CETI Lab: ARTiculating frameworks for communication

by Anna K. Gargarian, Curator “CETI Lab”

September 2017 is an important marker in the history of space exploration: exactly forty years since the Voyager 1 was sent into space, forty-six years since a group of nobel prize winning scientists gathered at Byurakan to discuss communicating with extraterrestrial intelligence (CETI), and seventy years since Victor Ambartsumian discovered stellar associations.

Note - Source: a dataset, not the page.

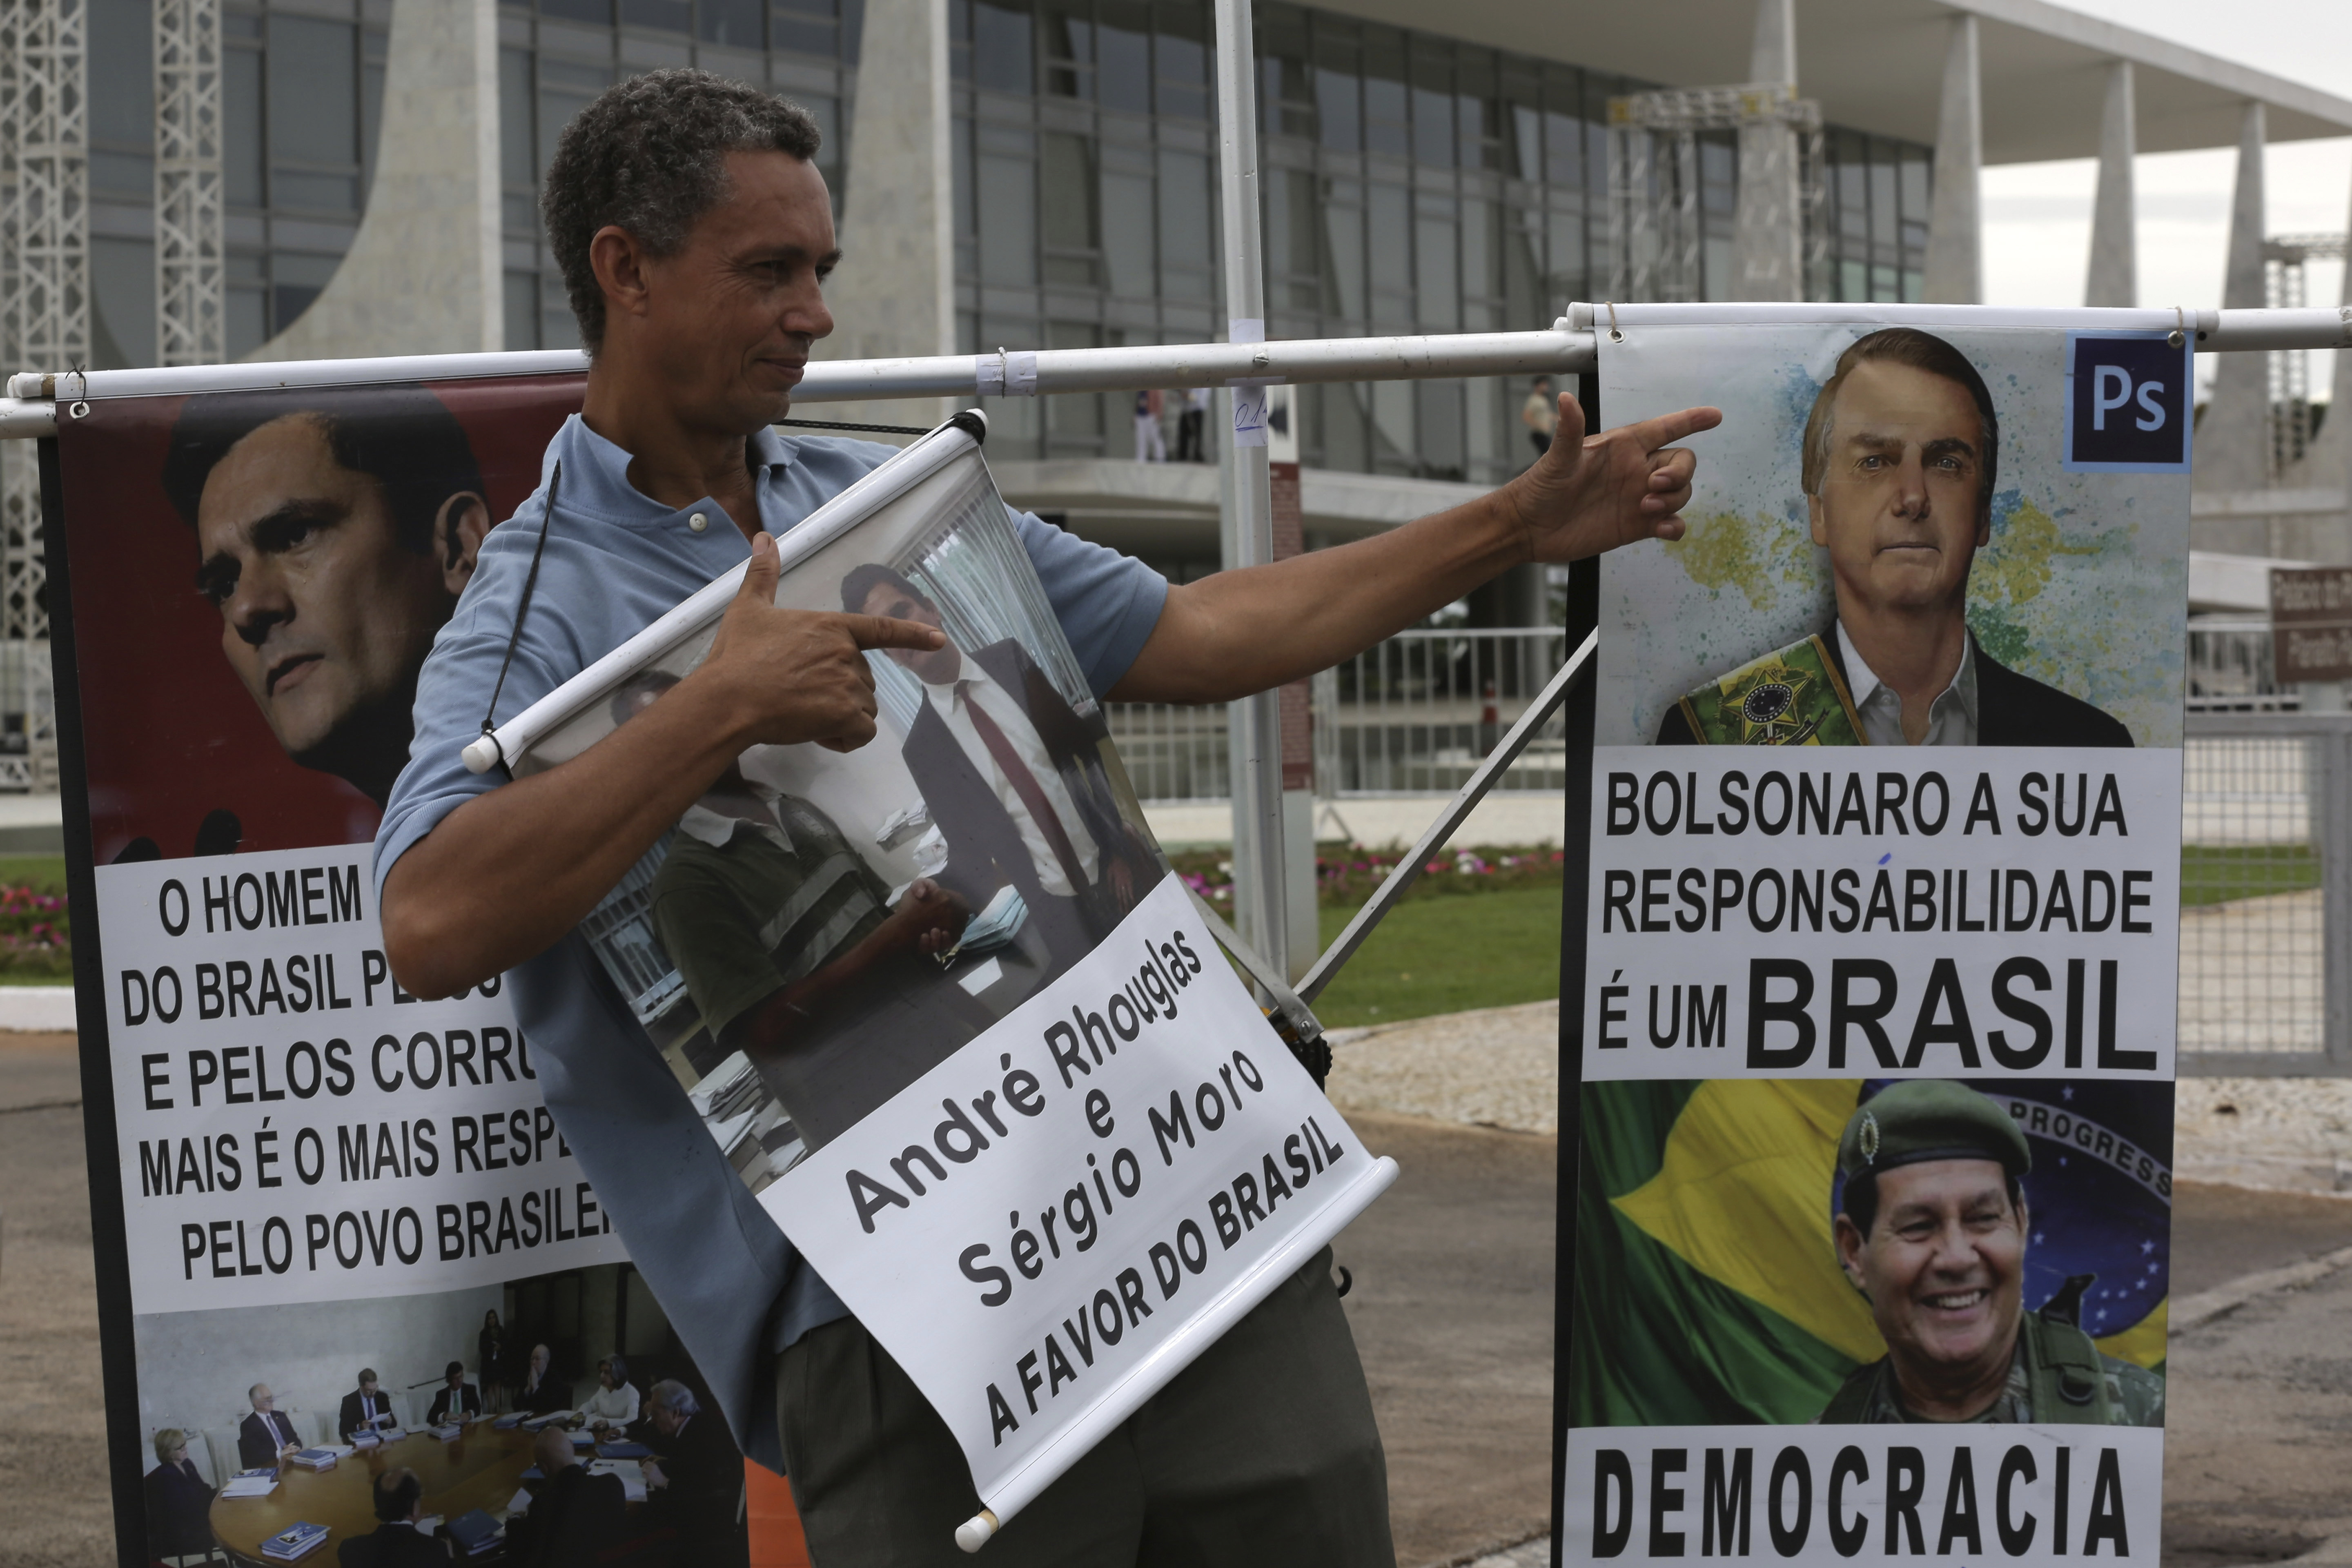 Andre Rhouglas, a supporter of Brazil's President-elect Jair Bolsonaro, flashes finger guns in front of posters featuring Bolsonaro and Vice President-elect Gen. Hamilton Mourao, in front of the Planalto Presidential Palace, in Brasilia, Brazil, Friday, Dec. 28, 2018. The Secretary of Public Security in Brasilia said that they are expecting as many as 500,000 people to attend the presidential inaugural festivities. Brazil's military has deployed anti-aircraft missiles and fighter jets to protect the event from the air. On the ground, more than 3,000 police and military will take to the streets. (AP Photo/Eraldo Peres)
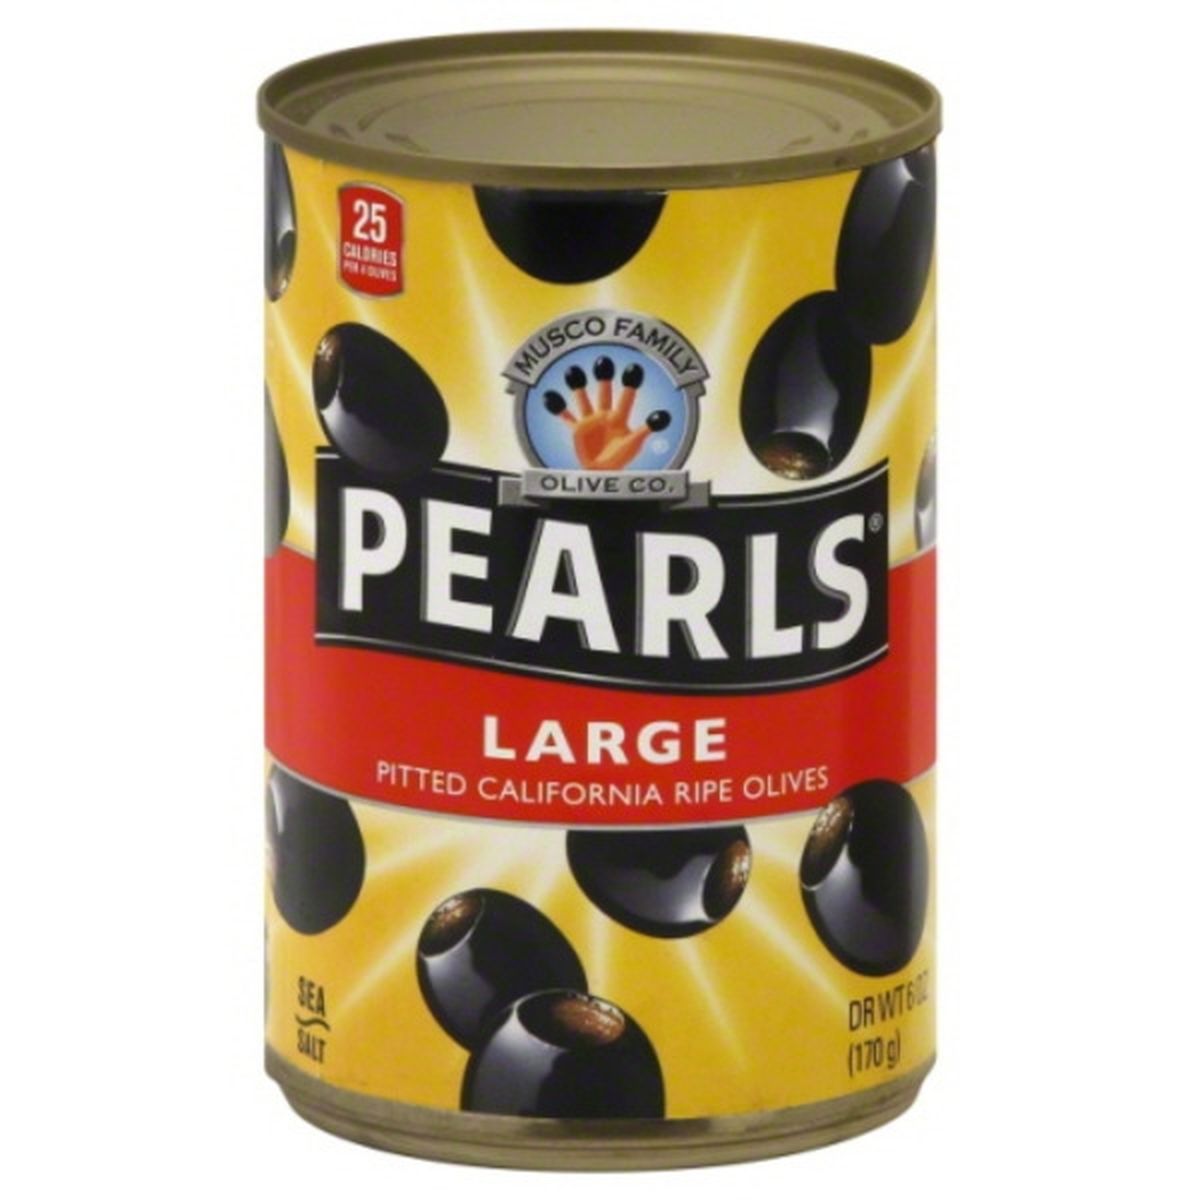 Calories in Pearls Pearls Olives, Pitted California Ripe, Large

Ambartsumian’s breakthrough transformed our understanding of the life of stars, and marked the beginning of the intellectual community that is the Byurakan Astrophysical Observatory (BAO). It was Ambartsumian’s reputation, in combination with the unique environment of BAO, that lead scientists Carl Sagan and I.E. Shklovskii to propose Byurakan as the location for the 1971 CETI conference (1). During the peak of the cold war, scientists from the USSR and the US came together for four days to discuss the challenges of communicating with intelligent life beyond our planet. The conference addressed questions of language, knowledge representation, transmission, reception, as well as philosophical concerns of free will, perception, and the consequences of successful communication. The information gathered during this conference was part of Sagan and Shklovksii’s decade-long collaborative research that informed the content of space missions like the Pioneer 10 in 1972, and Voyagers 1 and 2 in 1977 (2).

Untitled design (12)

The 1971 CETI conference participants standing in front of the Byurakan Astrophysical Observatory’s conference hall.

 

It is within this context that HAYP Pop Up Gallery exhibits “CETI Lab: HAYP at BAO”, a multi-location collective exhibit that invites artists and scientists to imagine communicating with extraterrestrial intelligence. From September 16-27, 2017, the Byurakan Astrophysical Observatory (BAO) and the Herouni Radio-Optic Telescope in Orgov, Armenia will be transformed with site-specific installations by a diverse group of artists. 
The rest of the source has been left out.